Он подавил его, и зрение затуманилось, неожиданная тошнотворная истина наполнила его ледяной уверенностью. Сражаясь, он обратился внутрь себя, пытаясь найти способ вырвать свой разум из пытки, которую сотворил. Сон не отпустит его.
Все быстрее и быстрее, пока скорость не стала громадной, он летел сквозь бесконечную пропасть к гибели, которая должна была скрываться далеко внизу.
«Я не могу упасть». Теперь эти слова звучали глупо и бессмысленно, подобно настойчивости первобытного человека, который верил, что солнце не взойдет, пока он не принесет жертву.
Без крыльев он был… кем?
Таким же, как и остальные? Жалкой пародией самого себя, призраком, бессильным предостережением?
В груди, подобно взрыву, полыхнул гнев. В теле вскипел красный туман мгновенно вспыхнувшей ярости, и он увидел ее в венах — невидимые струйки, сливающиеся со спиралями генов. Гнев высвободил нечто темное и чудовищное в его душе. Две огромные тени устремились вперед.
Одна быстро поднималась, увеличиваясь в размерах, красная, словно из самой преисподней, и вопящая о своей жажде крови.
Другая кружилась на расстоянии, все еще бесформенная и черная, как сам космос, ослепленная ужасающим безумием своего гнева.

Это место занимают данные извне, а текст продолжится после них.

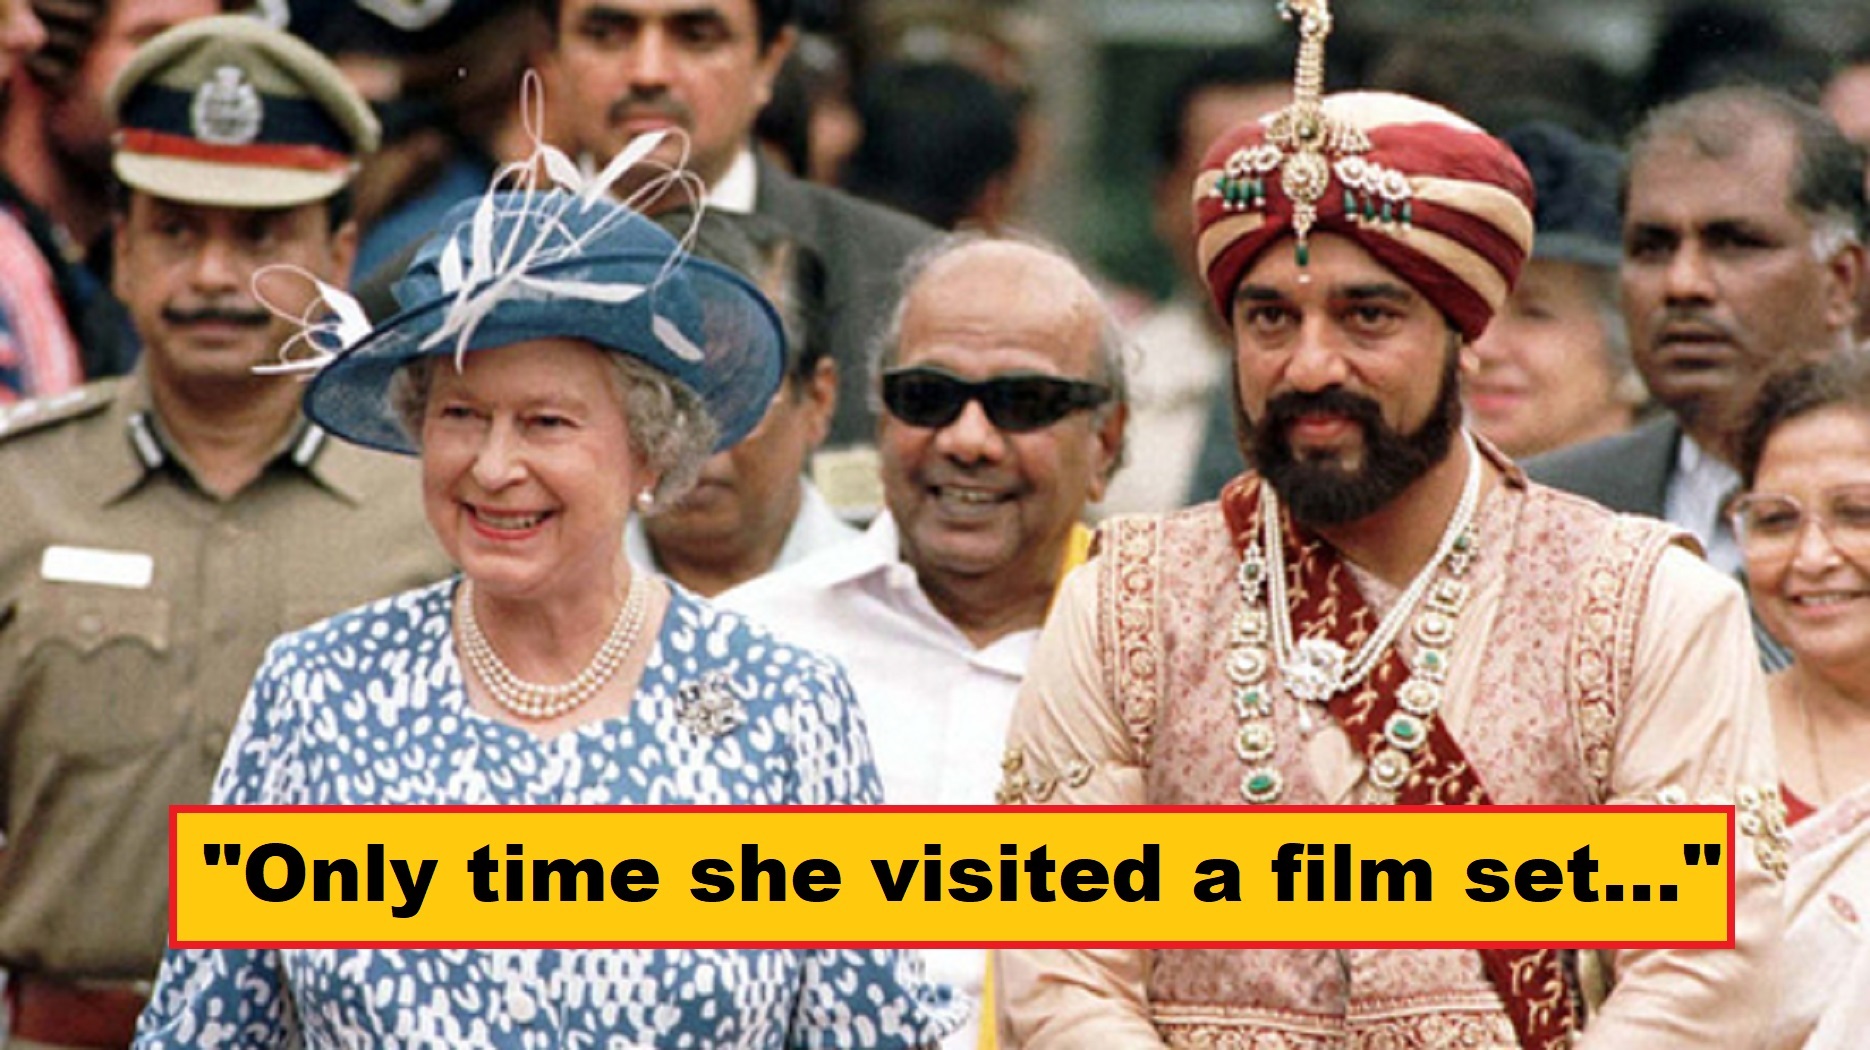 Kamal Haasan Remembers Queen Elizabeth By Recalling Her Visit To His Film Marudhanayagam’s Set

— Нет! — крик повторялся бесконечно. Он поднял руки, чтобы остановить их, отвергнуть их.
— Я… не могу… упасть!
Эхо отразилось от фигуры внизу, стремительного и извивающегося существа, которое озаряло маслянистую тьму и приближалось к нему на крыльях, рассекающих зловонный воздух. Оно поднималось. Кричало. Истекало кровью.
Воин, облаченный в железо и с ног до головы измазанный кровью. Его окутывало сияние мертвых сингулярностей и погибших звезд, тошнотворный свет вытекал из сочленений и трещин в расколотом доспехе. Вокруг завывающего непостижимого лица резко выделялись пепельные локоны, а из спины росли костяные крылья падальщика, борясь с восходящим потоком отравленного воздуха.
Каждое перо крыльев было пропитано оскверненной кровью, ее потоки тянулись за ним в новую бурю. Вопящий красный ангел приближался к нему. Охваченный ненавистным упреком и обвинением.
Он знал, что эта ненависть заслуженна. В своих сердцах он знал это без сомнений и компромиссов. Крики ужасной боли полоснули его душу, подогревая рост черной и красной теней.
Он не мог остановить падение. Они падали, кружась, рядом друг с другом, столкновения было не избежать. И в этот миг их взгляды встретились.
Он увидел страх и ненависть и другие более темные эмоции.
Он увидел Красного Ангела…
Глаза примарха резко открылись, и если Азкаэллон или другой сангвинарный гвардеец в этот самый момент посмотрели бы на него, то уловили бы едва заметное выражение, которое исказило прекрасные черты.
Ангел сконцентрировался, и его безупречное чувство времени сказало ему, что между тем, как он закрыл глаза и снова открыл их, прошли считанные мгновения. Самое большее — несколько секунд, но линейное время ничего не значило во снах и в варпе. В этом оба этих мира были сходны. Сангвиний не в первый раз задумался, насколько близкой была связь между царством снов и имматериумом.
Сон. Не было совпадения в том, что он пришел к нему здесь и сейчас, вне обычного режима медитации и размышления. Они находились глубоко в варп-пространстве, окруженные со всех сторон растущими грозовыми фронтами призрачной энергии. Навигаторы легиона старались изо всех сил, направляя флот на такое огромное трансгалактическое расстояние, а нестабильный характер эфирного царства не помогал делу.
На краткий миг Ангела охватила печаль, а возможно, и ярость, и сжатые кулаки расслабились. В конце концов, командир гвардии почувствовал что-то и поднял голову, на лице появилось недоумение.
— Милорд?
— Сколько еще? — Сангвиний наклонился вперед на своем троне управления и указал на иллюминаторы, предотвращая дальнейшие вопросы.
Дальняя наклонная стена зала была частью огромной верхней башни «Красной слезы», а через громадный купол из бронестекла и рифленой пластали открывался вид на космос. По другую сторону прозрачного барьера, за сияющей оболочкой полей Геллера боевой баржи вечно бурлил и кипел океан безумия, набрасываясь на корабли огромного флота, которые пересекали его владения.